Hülegü Khan reached Nizari territory in Qohistan in 1256. By autumn, the Mongols were in the valley below the castle of Maymun Diz where Khur Shah was holed up. Khur Shah first sent his brother Shahenshah to offer submission. Hülegü asked Khur shah to dismantle Alamout and come himself in submission. While the Nizaris prevaricated, Hülegü bombarded Maymun Diz with mangonels and naphtha; the next day Khur Shah came down in surrender. With their leader captive, after a few days the garrison at Alamout surrendered; Juvaini was with the Mongols as they moved in to destroy the stronghold, and managed to save a portion of Hasan Sabbah's famous library, including astrolabes and Qurans. The Nizari texts he burnt; a blot on all his erudition to this day. Juvaini writes that within the rock bastions of Alamout were hollow tanks to store all sorts of provender needed to withstand long sieges; a Mongol waded into such a pool of honey and so deep was it that he nearly drowned.

After the fall of Alamout, Khur Shah's utility to the Mongols was low. He is said to have fallen in love with a Mongol girl and allowed to marry her. When he professed a love for witnessing camel-fights, he was given a hundred particularly vicious male camels to be able to enjoy the spectacle. In time he asked to be sent to the court of the khagan; Möngke denied his request for audience, receiving his formal surrender by proxy; and then ordered him killed on his journey back, saying that Khur Shah was not worth providing with the relay-horses his journey back to Alamout would take.

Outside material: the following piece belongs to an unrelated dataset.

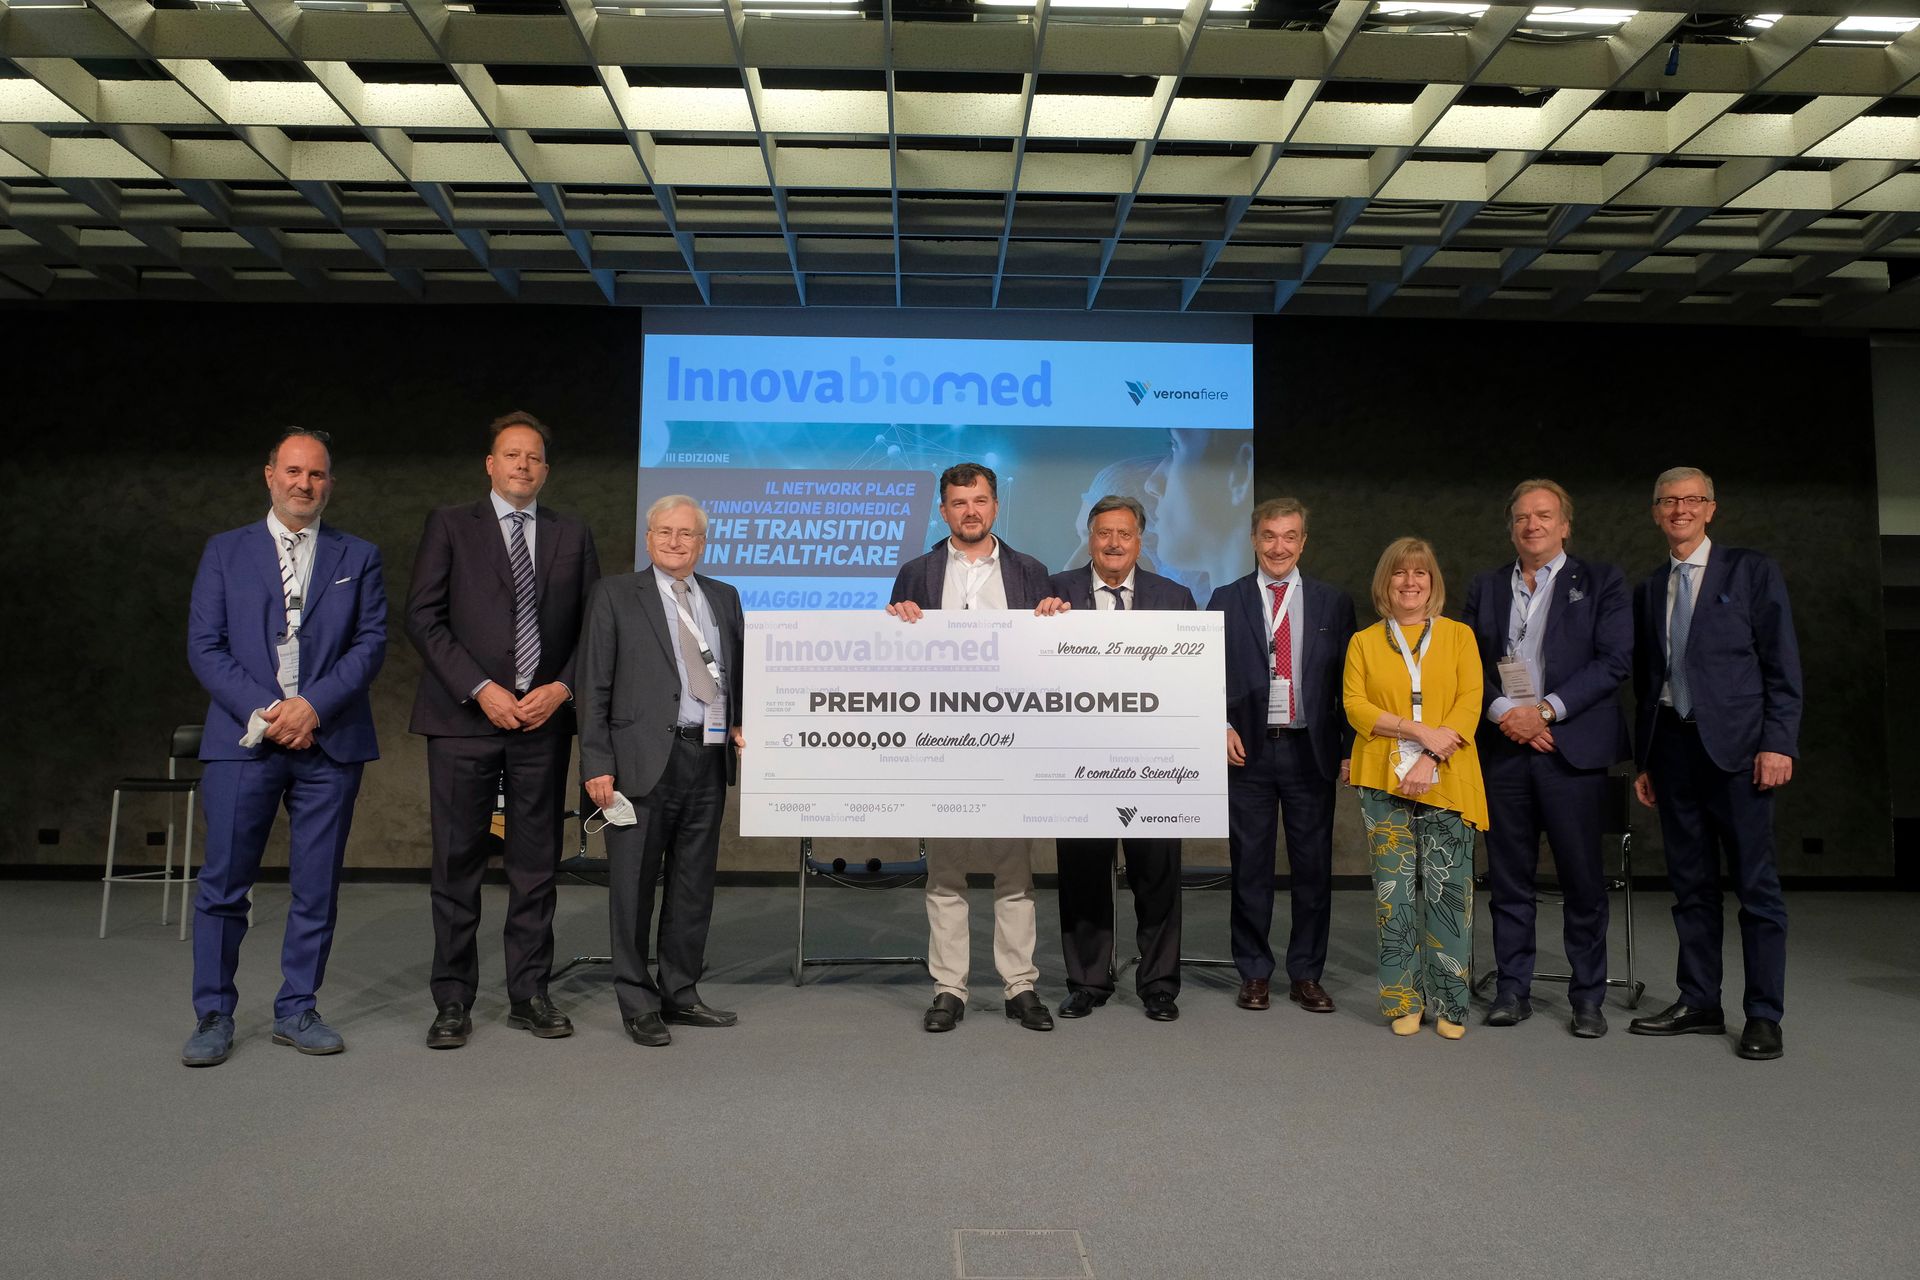 Il "Premio Innovabiomed" 2022, in collaborazione con Fondazione Cariverona, è stato assegnato alla 3DiFiC di Perugia ed è stato ritirato dal Managing Director, Alessandro Ricci

After the fall of Alamout, Nizari clans continued to live secretly in Azerbaijan. In the 14th century, they sent missionaries to India, where newly converted Ismailis came to be known as Khoja Mussulmans (from the Arabic khwaja, or lord.) Ismailism had been adapted for India; for the Khojas, all prophets and Imams are the same, and they retain many Hindu traditions, including a variation of the Vaishnavite belief in the Dashavatara. Khojas believe Ali was Kalki, the last avatar of Vishnu.

In the 19th century, the Ismaili imam Hasan Ali received the honorific of Aga Khan from the Shah, but had to flee to India after a subsequent falling out. After some bitter power struggles, the British adjudicated the Aga Khan's claim to the Imamate and Sir Joseph Arnold of Bombay High Court ruled that the Khojas were undoubtedly the descendants of the Assassins and that the Aga Khan was the descendant of the Lord of Alamout; so he is regarded by the Khojas to this day.